* The task *
Where an image appears in the data, omit it and reproduce the rest exactly.

* Input data *
━━━
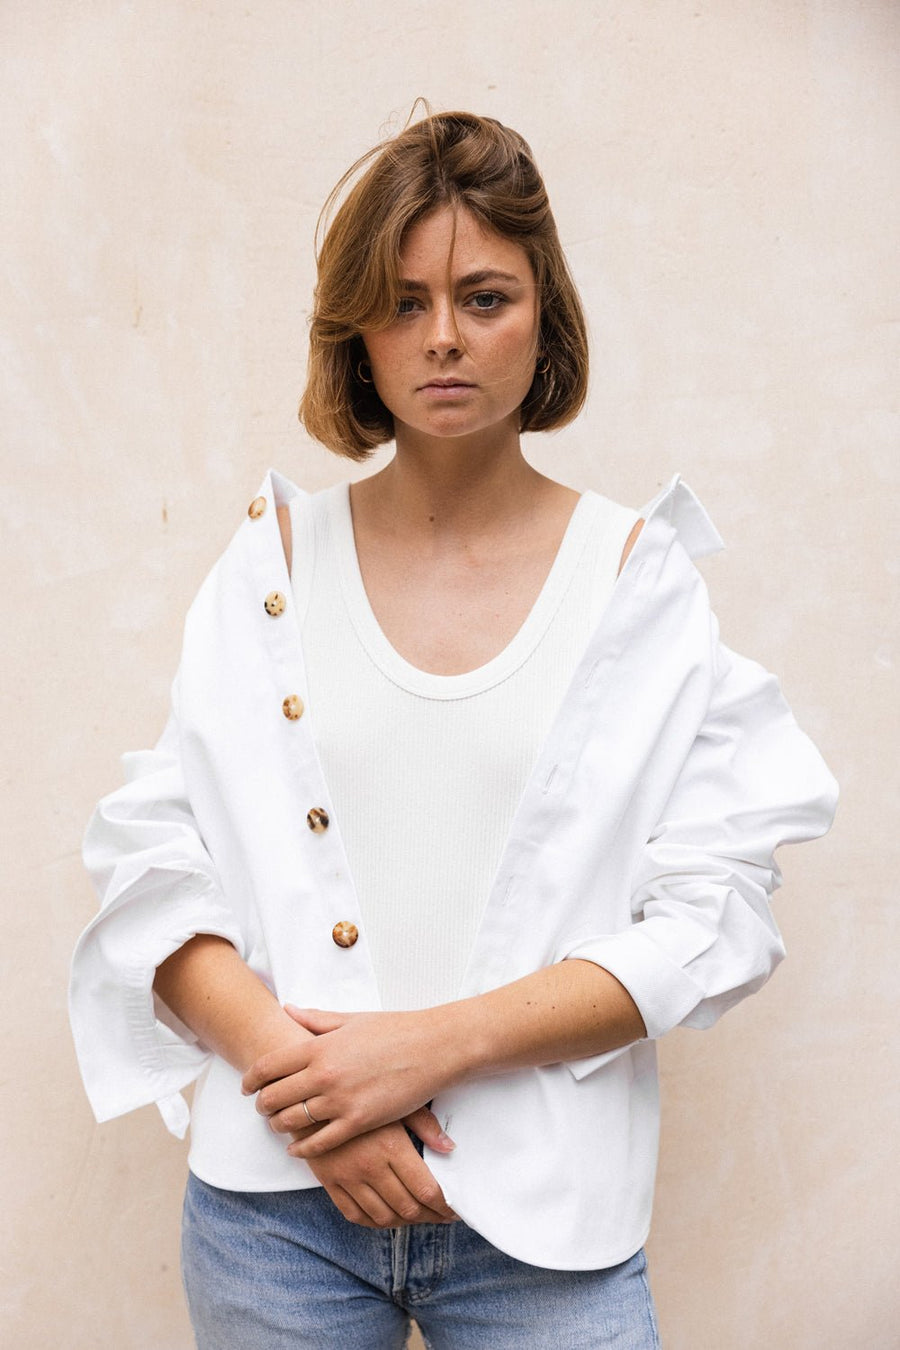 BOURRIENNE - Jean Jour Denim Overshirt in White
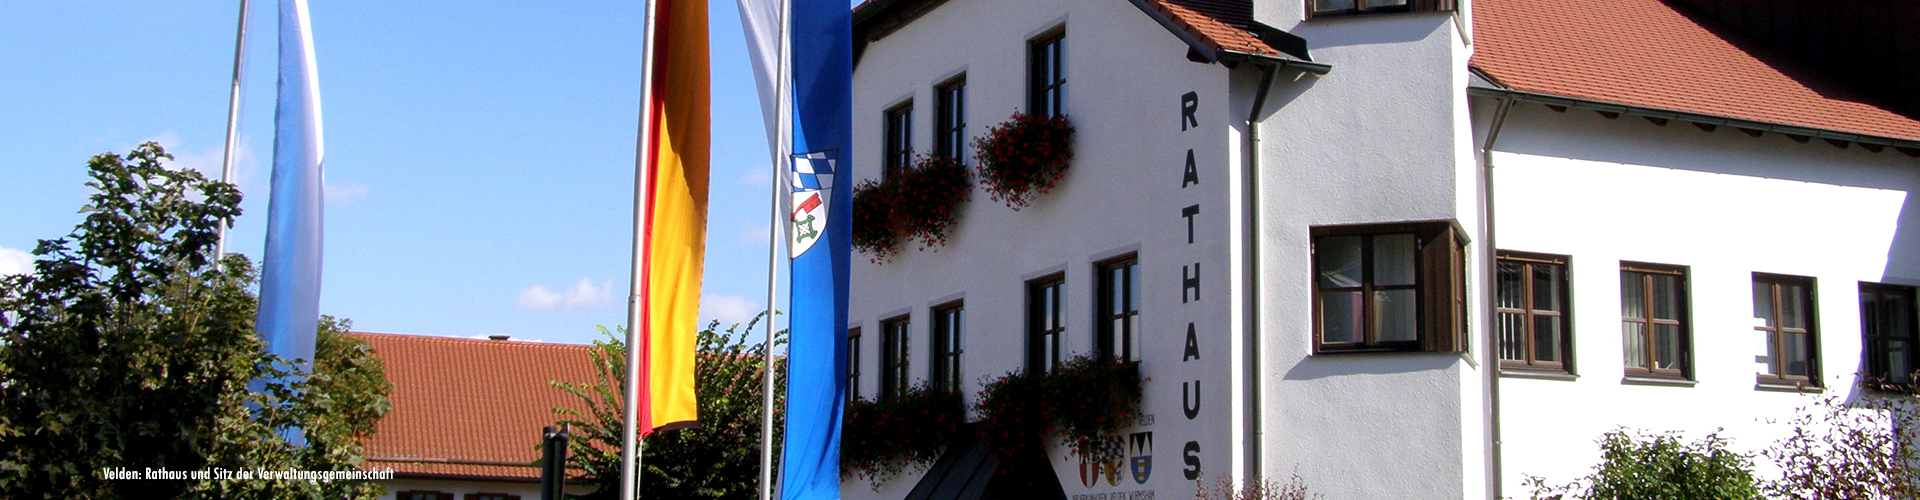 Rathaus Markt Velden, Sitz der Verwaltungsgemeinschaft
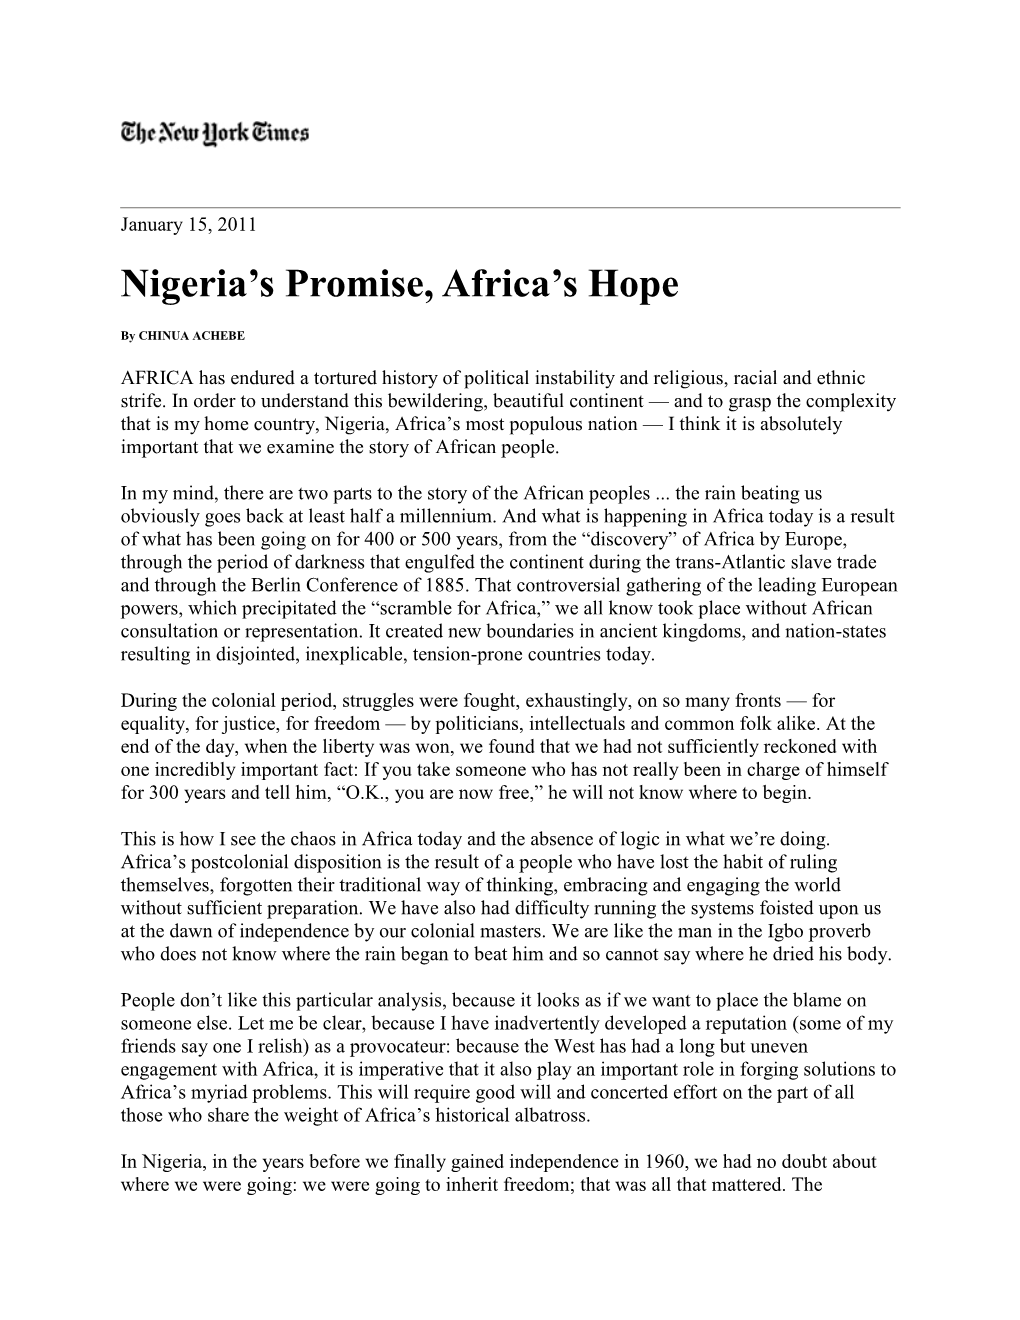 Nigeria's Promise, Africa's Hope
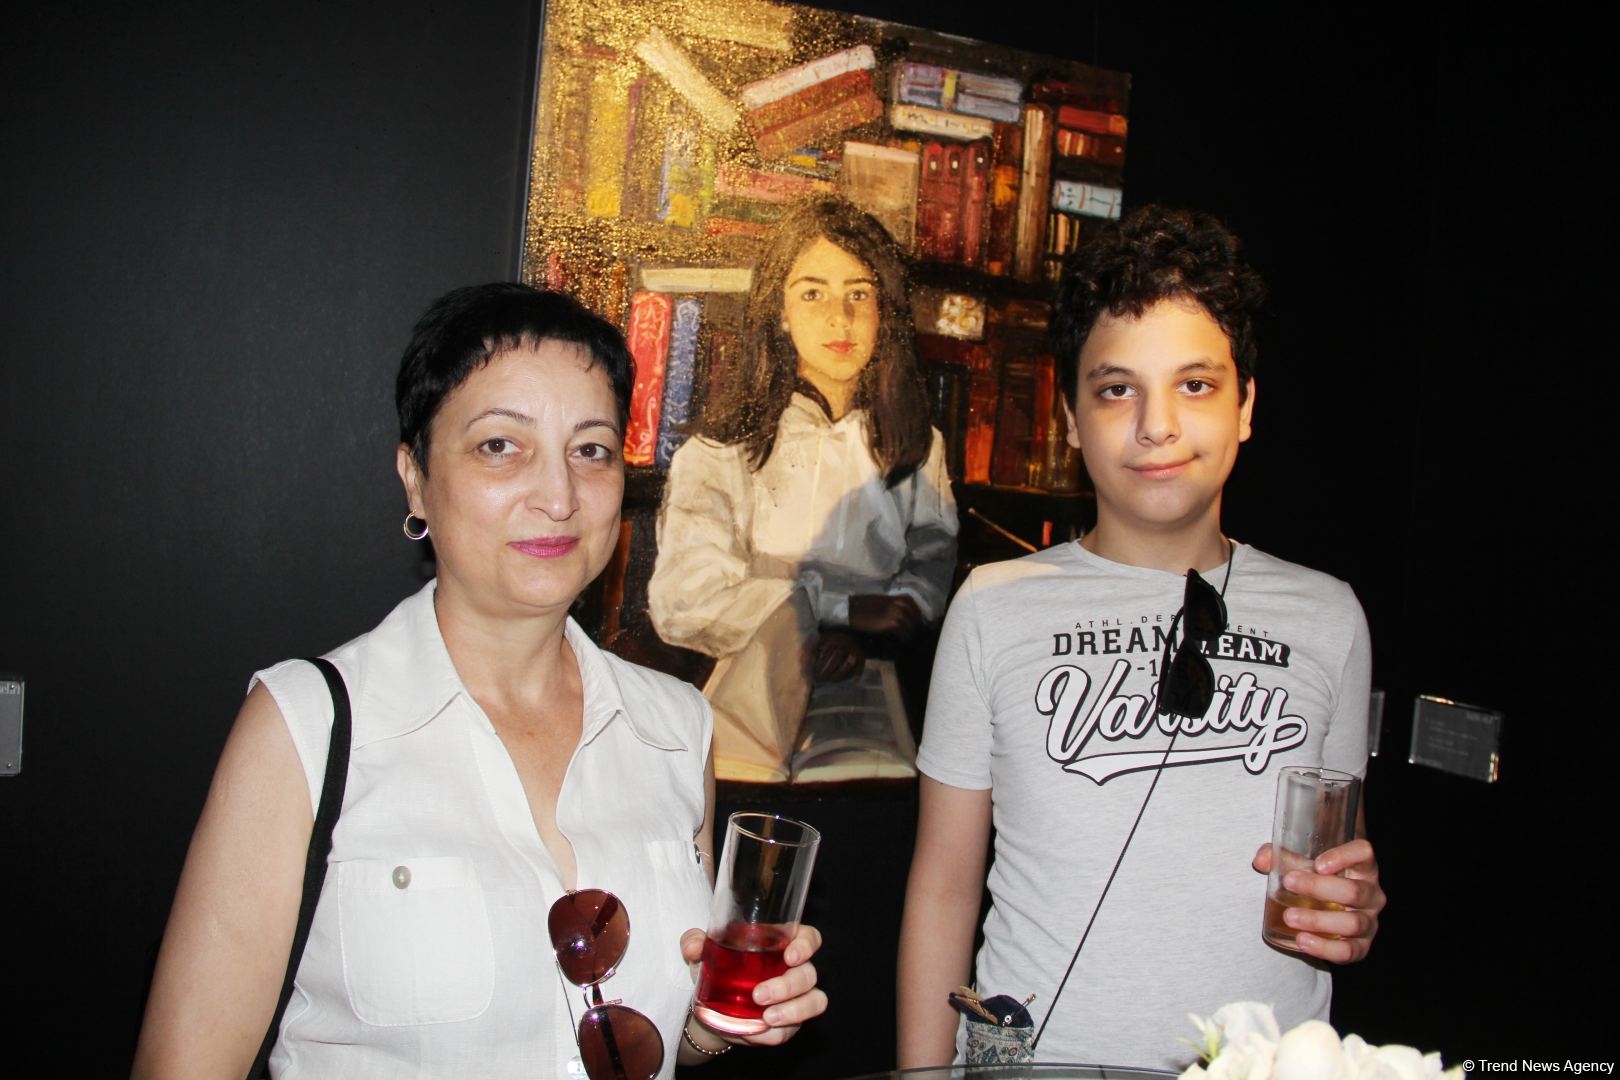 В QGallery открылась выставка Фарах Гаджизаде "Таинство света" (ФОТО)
━━━
* Reply to the task *
 BOURRIENNE - Jean Jour Denim Overshirt in White
 Rathaus Markt Velden, Sitz der Verwaltungsgemeinschaft
 Nigeria's Promise, Africa's Hope
 В QGallery открылась выставка Фарах Гаджизаде "Таинство света" (ФОТО)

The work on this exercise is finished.